The downgrade comes as Apple has stumbled of late, underscored by its stock price plunging 28% since hitting record highs of $705 in September.
Last week analysts at UBS (NYSE:UBS) kept their “buy” rating on Apple but lowered their price target to $700 from $780.
Also over the weekend, Apple revealed it sold more than 2 million iPhone 5 devices in China over the first three days the product was available there.

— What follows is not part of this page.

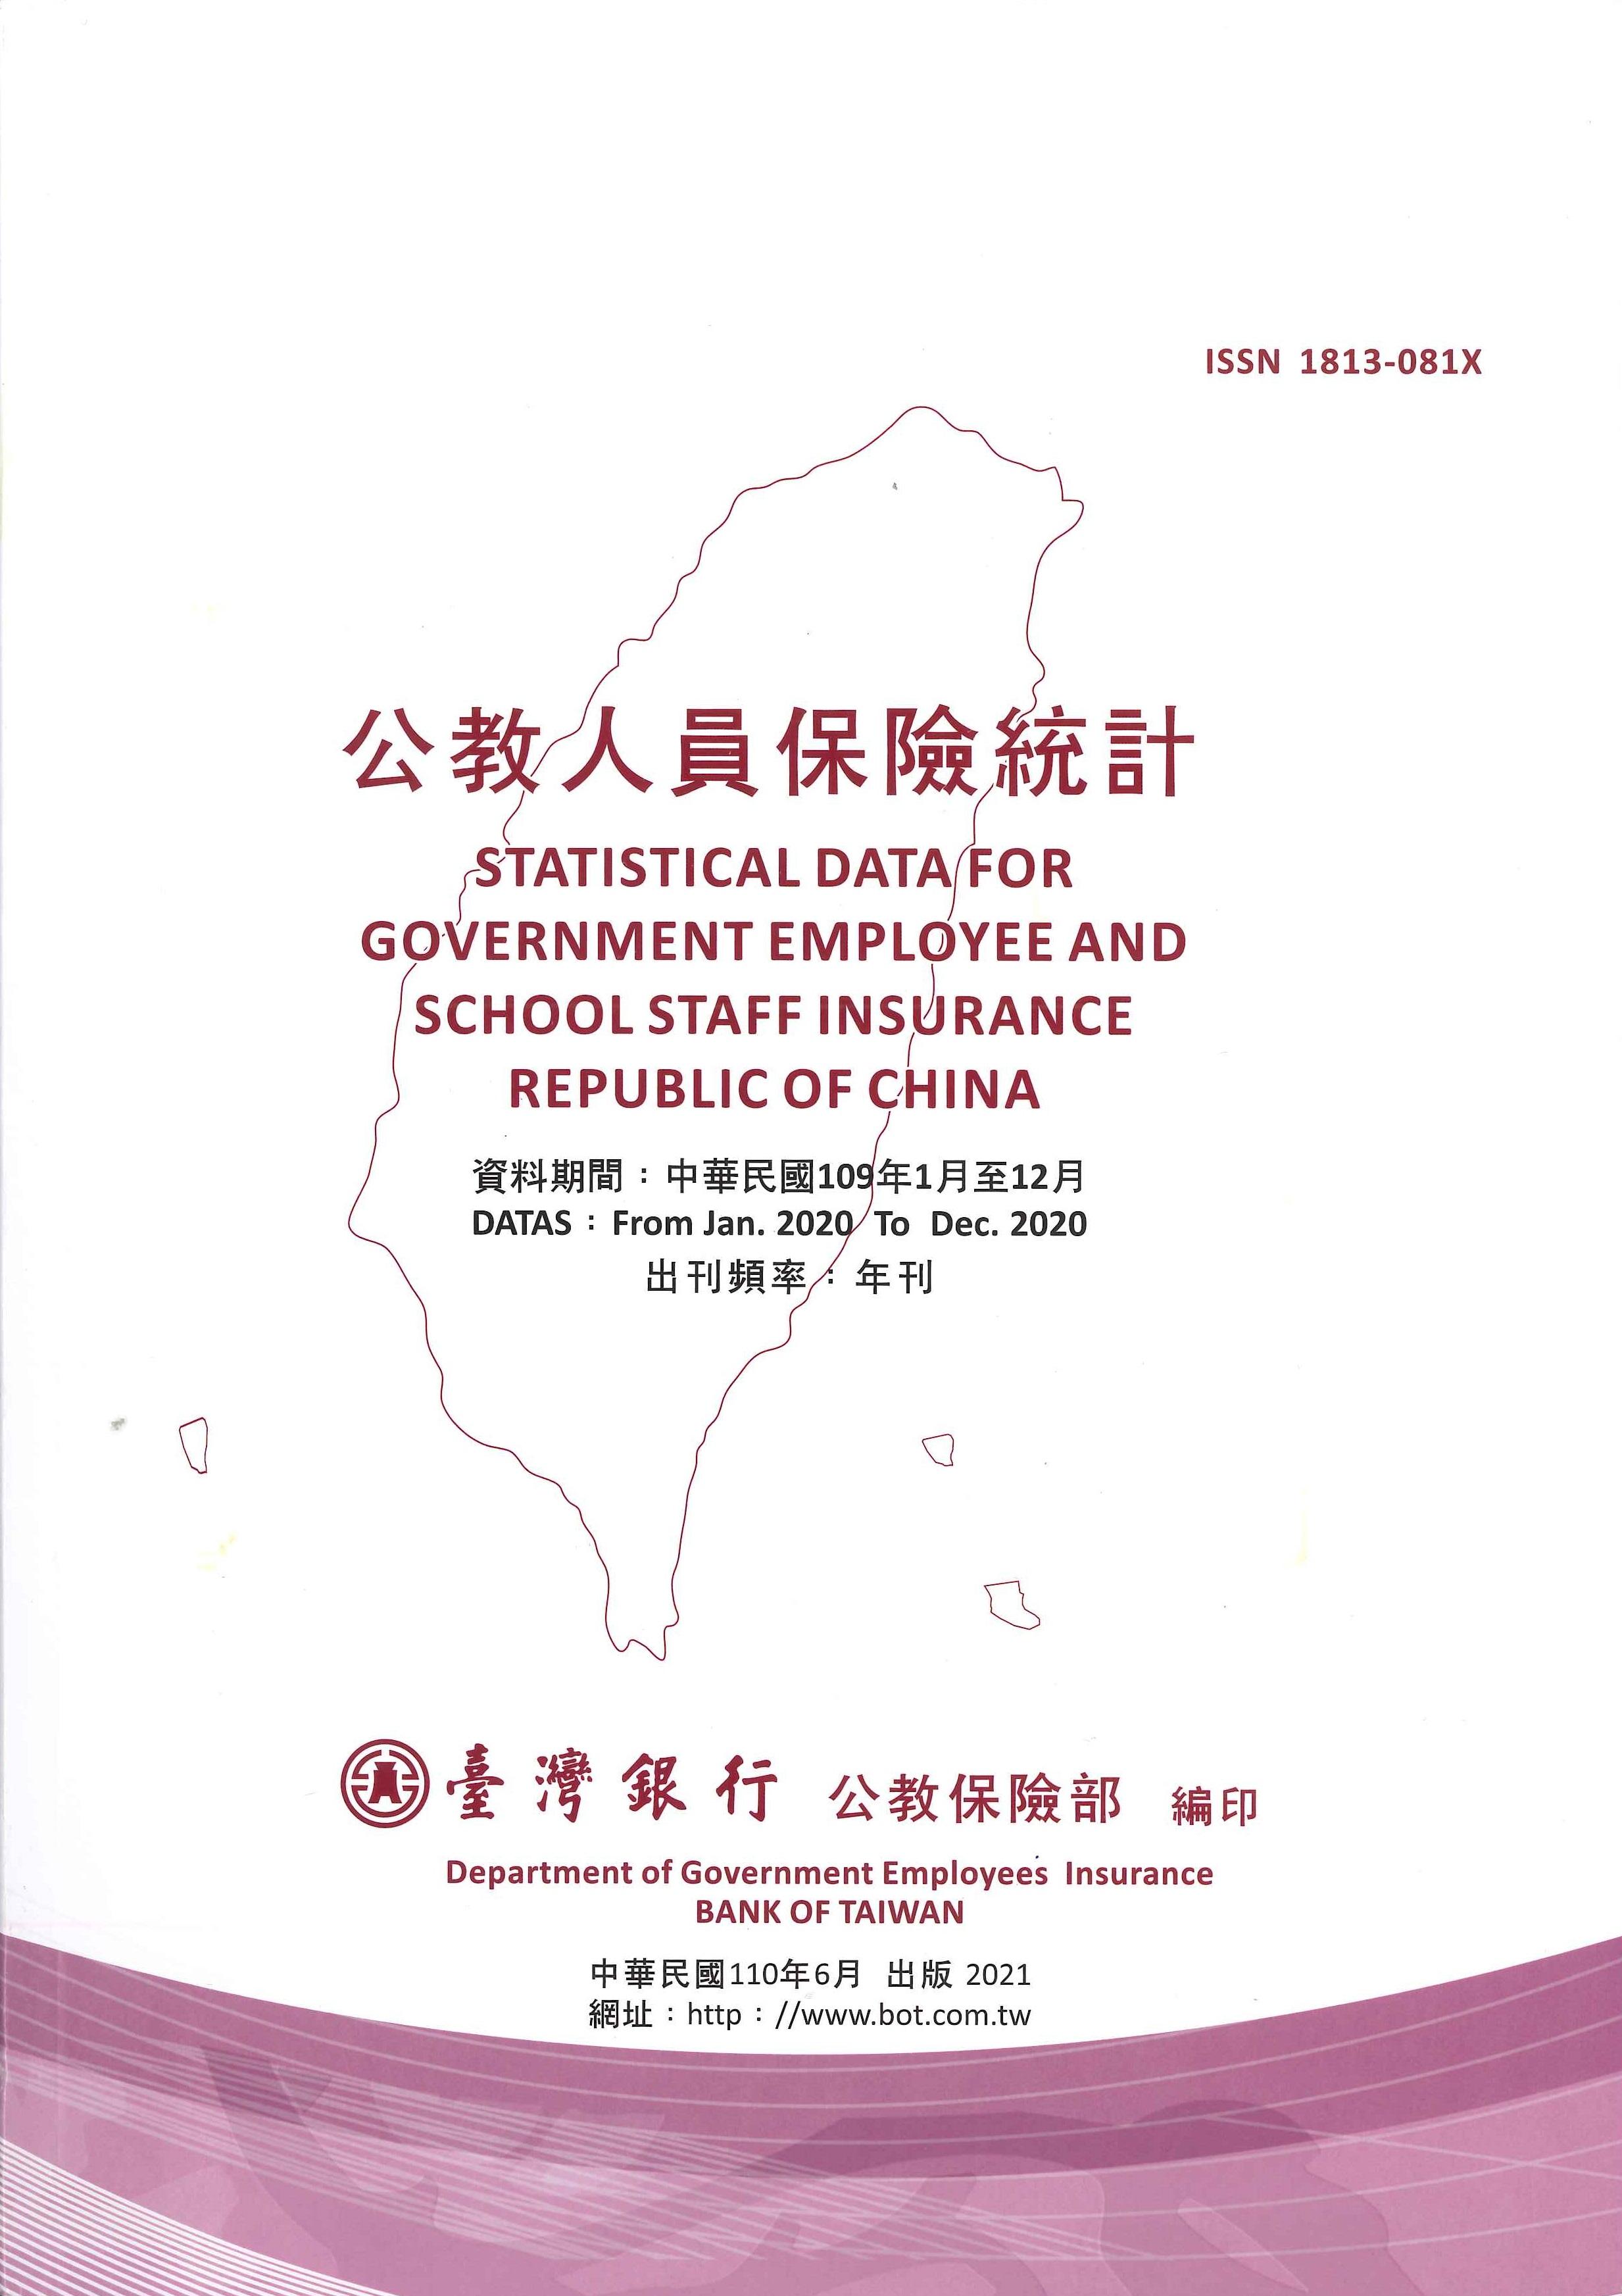 公教人員保險統計=Statistical data for government employee and school staff insurance, Republic of China

Apple said it was the company's best first weekend sales ever in China.
While Citi said there are signs Apple's stock price is nearing a trough, Yueng said: “We expect shares to remain range-bound for the foreseeable future.”
Citi expressed concern about the iPhone 5, saying checks with suppliers indicate Apple has cut its orders, perhaps pointing to a combination of supply and demand issues.
“We suspect competition is improving, diminishing the hype around the iPhone 5,” Yueng said. He also pointed to a Citi survey that shows “leading indicators of Apple’s competitive advantage in smartphones diminishing.”
Citi noted that “continued strength” for the iPad Mini comes “at the expense of” the iPad 4. Citi expects iPad Mini production to rise to 12 million to 14 million units in the March quarter, while iPad 4 production is projected to tumble to 5 million to 7 million units.
“More broadly, we view tablet innovation as increasingly difficult, opening room for alternative solutions to iPad and creating risk of further market share loss,” Yueng said.
Shares of Cupertino, Calif.-based Apple dipped 0.25% to $508.50 in premarket trading on Monday. Despite its recent stumbles, Apple remains up 26% so far this year and 34% over the past 12 months.